● To do:
Write out exactly, and only, the lines below from the line with "Château Landereau Prestige" through the line with "Jb2 Great Guns"; pictures do not belong in the copy.

● Provided information:
■ ■ ■ ■

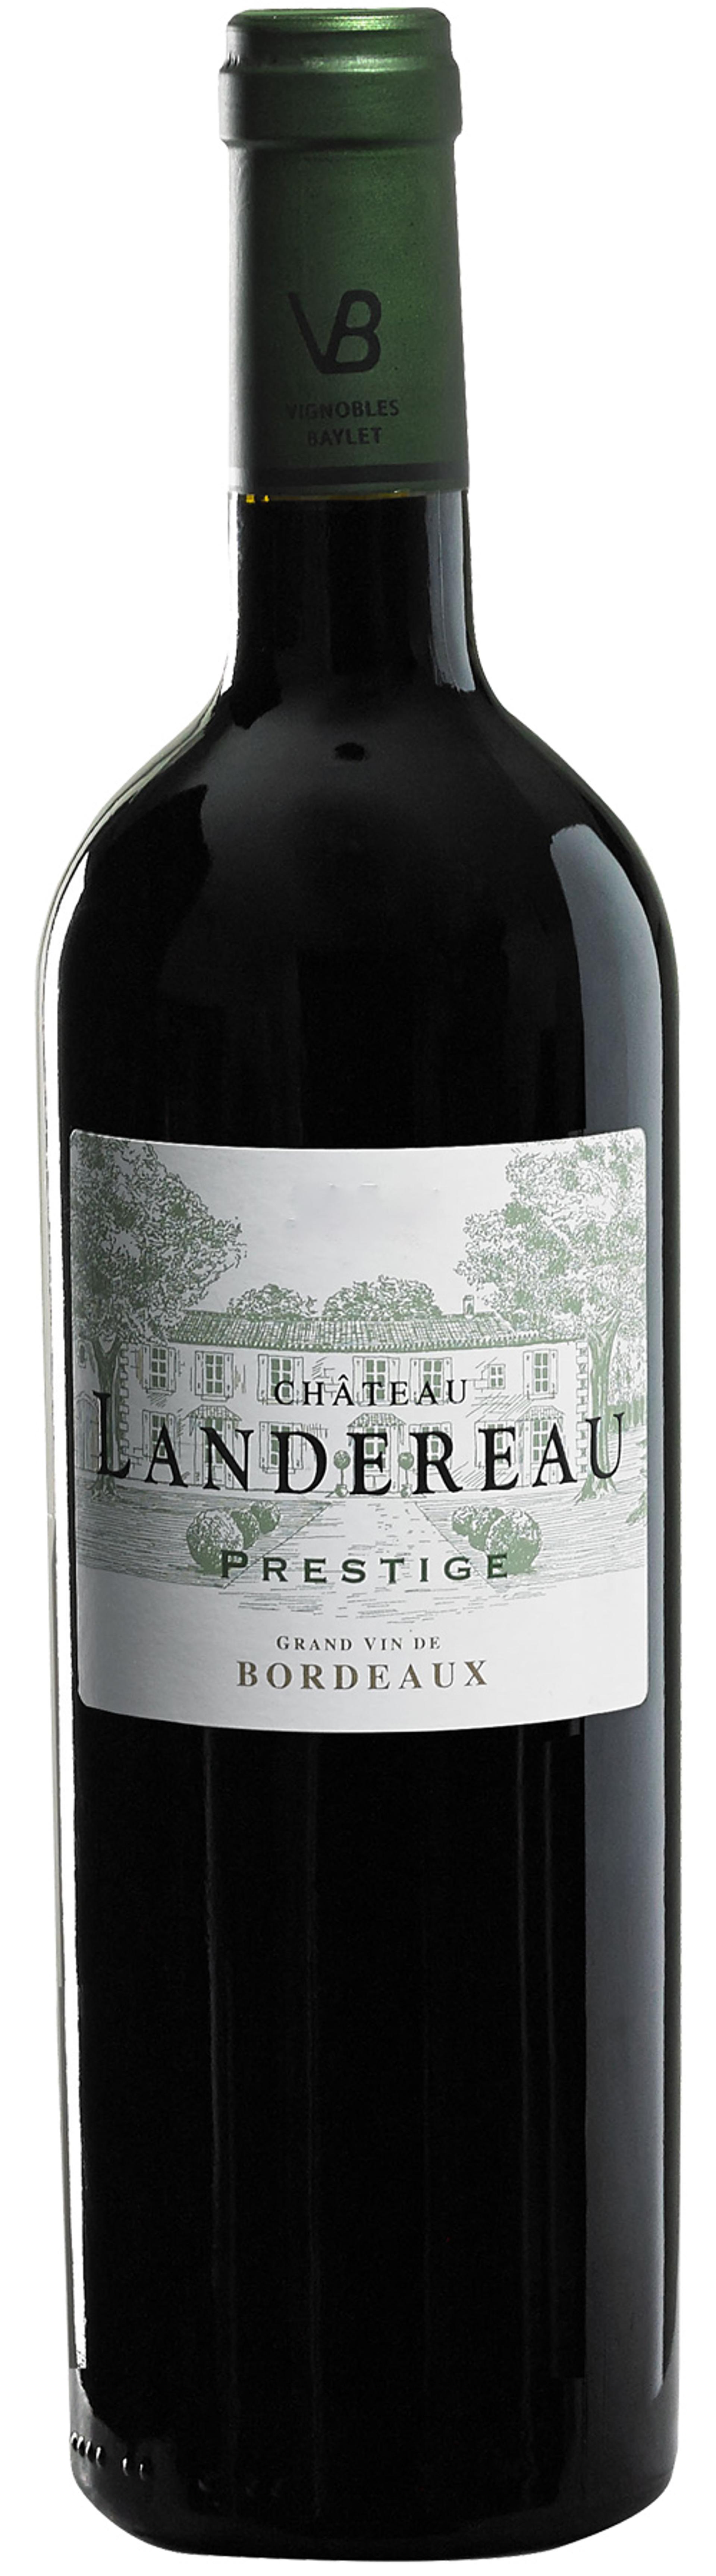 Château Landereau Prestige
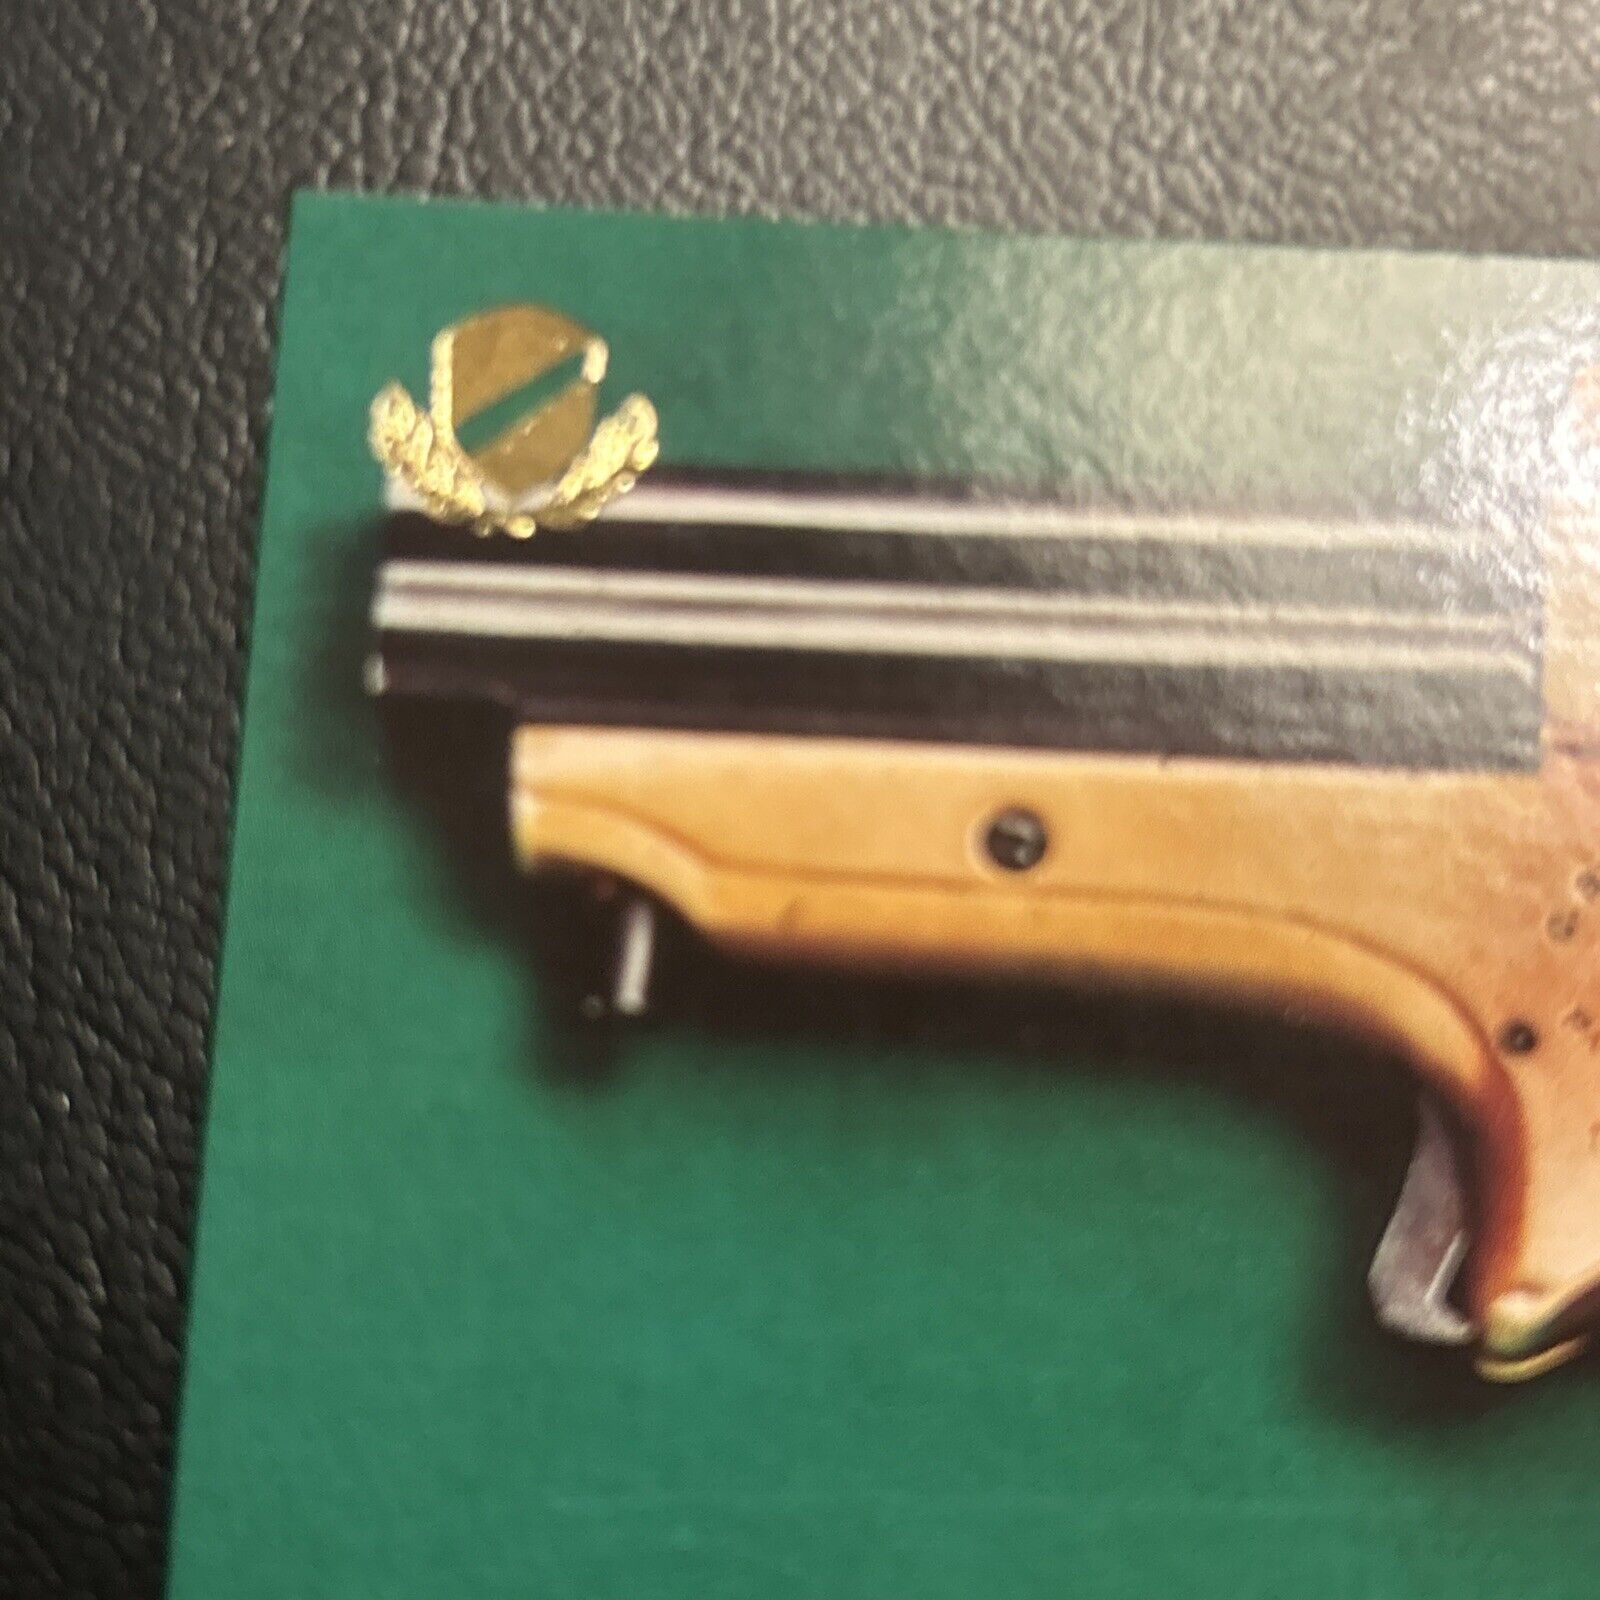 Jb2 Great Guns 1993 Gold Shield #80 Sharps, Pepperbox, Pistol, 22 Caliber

■ ■ ■ ■

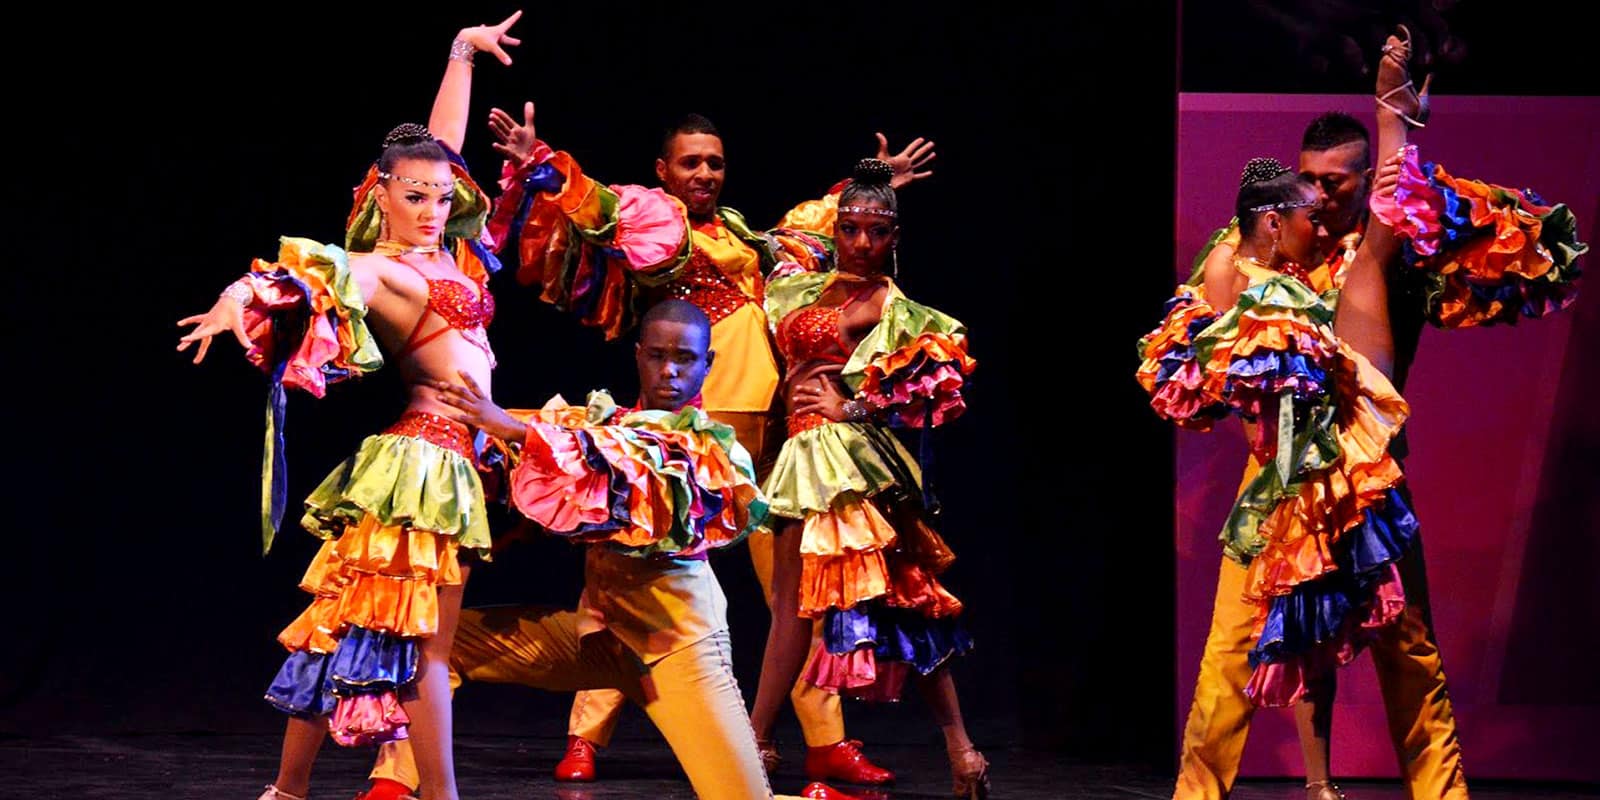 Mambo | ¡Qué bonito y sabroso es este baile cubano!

■ ■ ■ ■

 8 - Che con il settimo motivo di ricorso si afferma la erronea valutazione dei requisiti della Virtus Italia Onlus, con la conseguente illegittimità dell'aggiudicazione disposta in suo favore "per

■ ■ ■ ■

● Solution:
 Château Landereau Prestige
 Jb2 Great Guns 1993 Gold Shield #80 Sharps, Pepperbox, Pistol, 22 Caliber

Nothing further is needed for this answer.